### Task item
Nothing but the lines below between the line holding "Petite Scottsdale Abstract" and the line holding "Oceanic Treasures Tarnish-resistant", inclusive, should appear in the answer, each set down exactly.

### Data shown

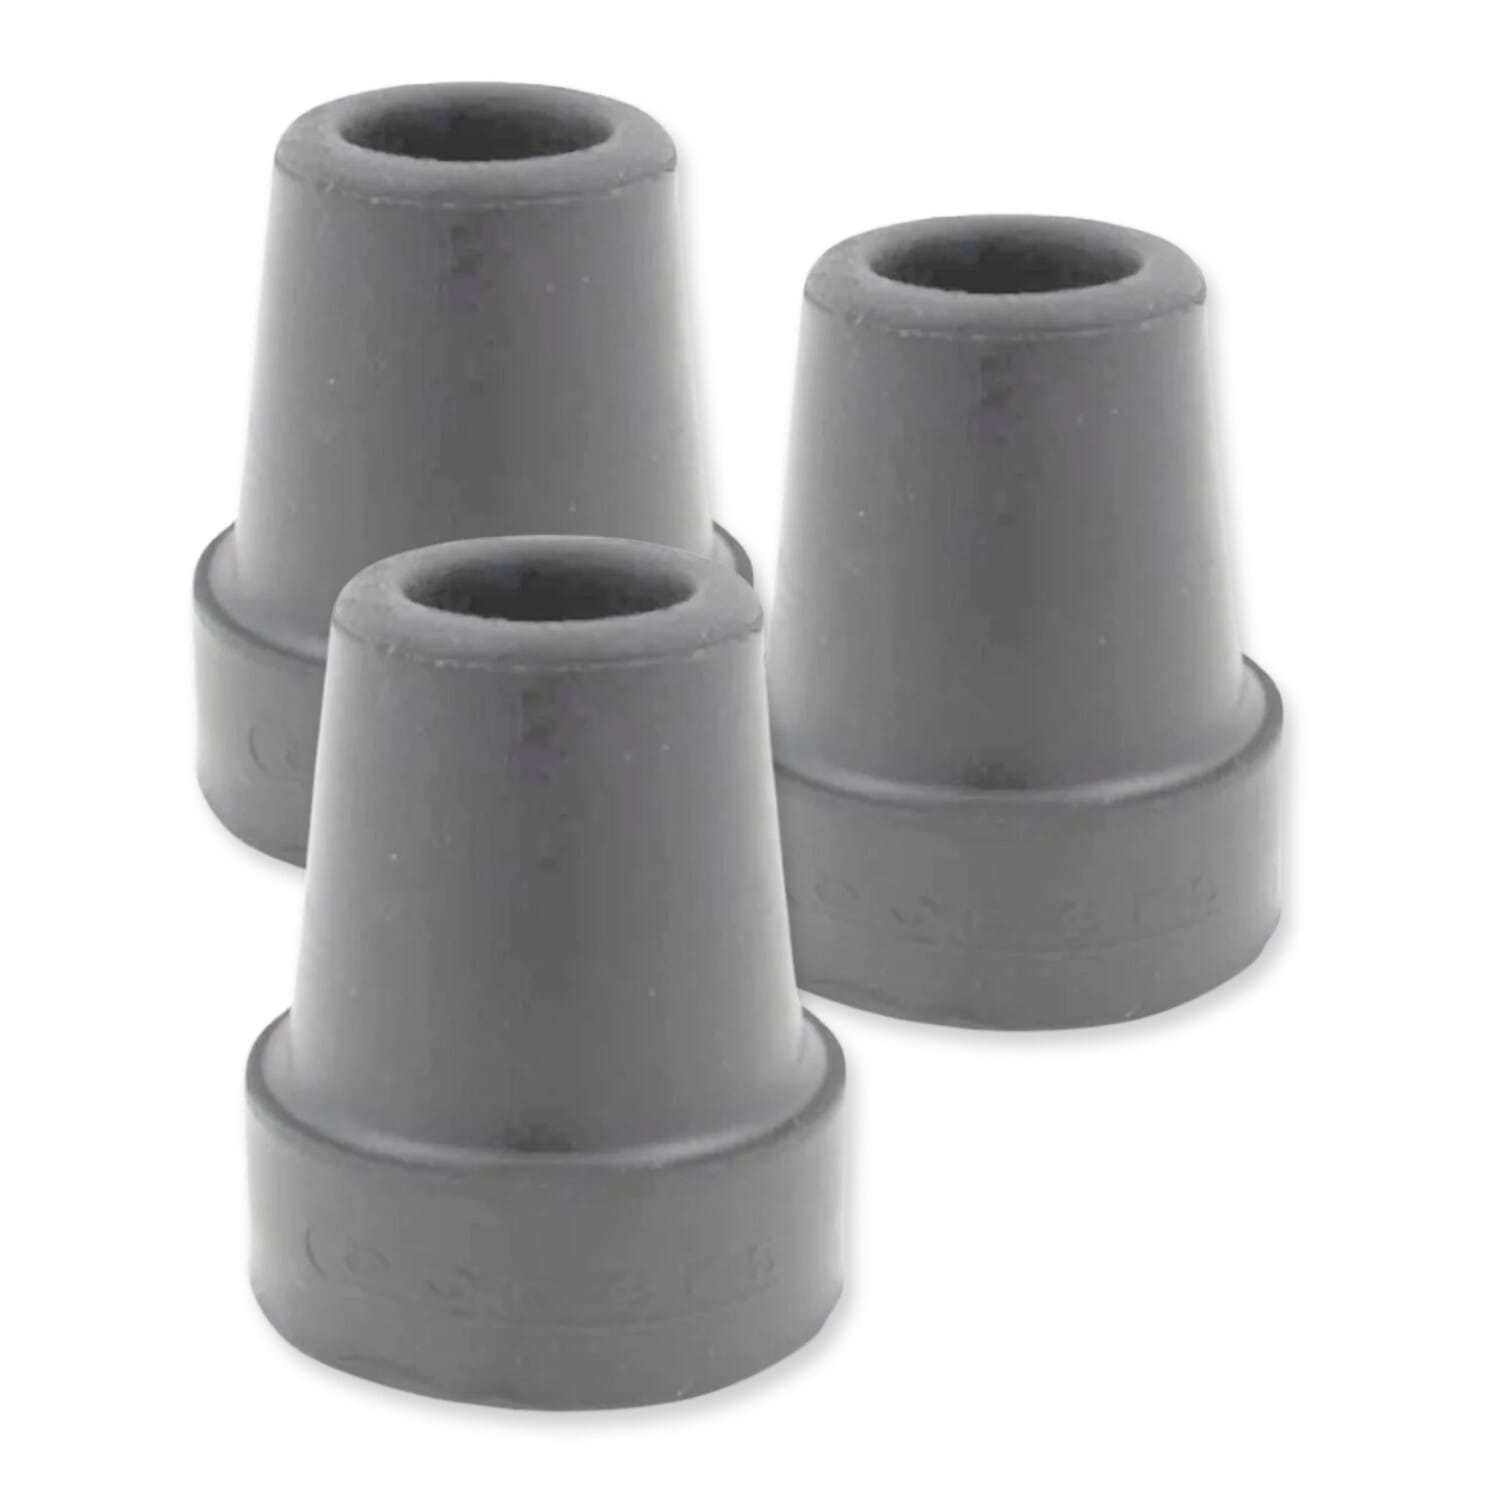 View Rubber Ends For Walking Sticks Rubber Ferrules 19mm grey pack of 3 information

* * *

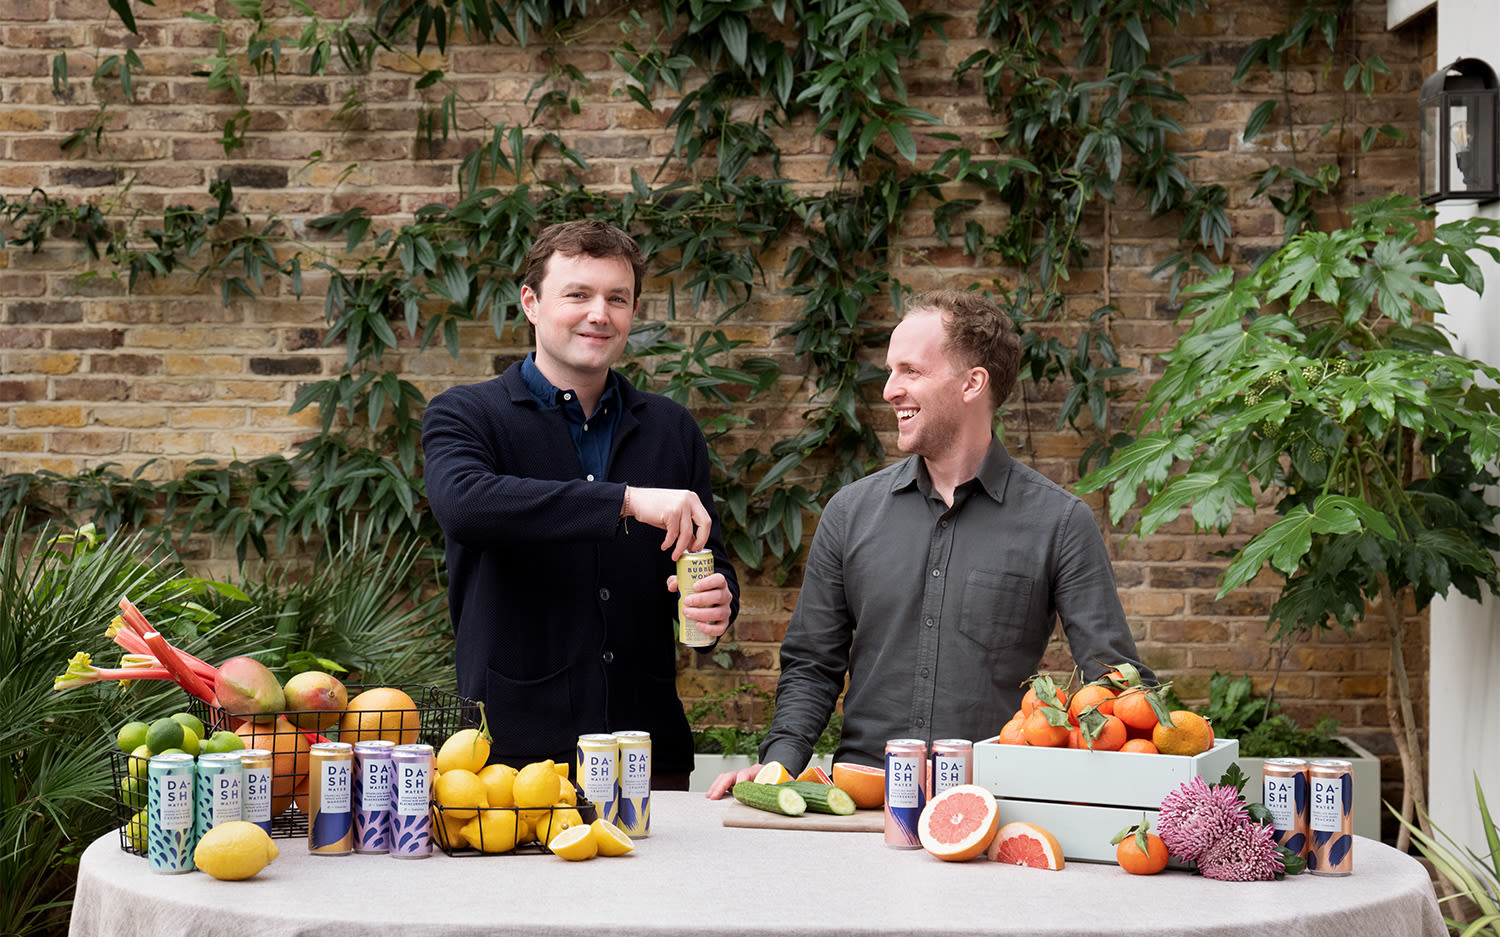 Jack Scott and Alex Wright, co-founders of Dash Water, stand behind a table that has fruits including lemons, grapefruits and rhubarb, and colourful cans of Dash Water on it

==

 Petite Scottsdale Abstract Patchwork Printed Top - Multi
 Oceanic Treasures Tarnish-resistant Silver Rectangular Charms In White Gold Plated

### Answer below
 Petite Scottsdale Abstract Patchwork Printed Top - Multi
 Oceanic Treasures Tarnish-resistant Silver Rectangular Charms In White Gold Plated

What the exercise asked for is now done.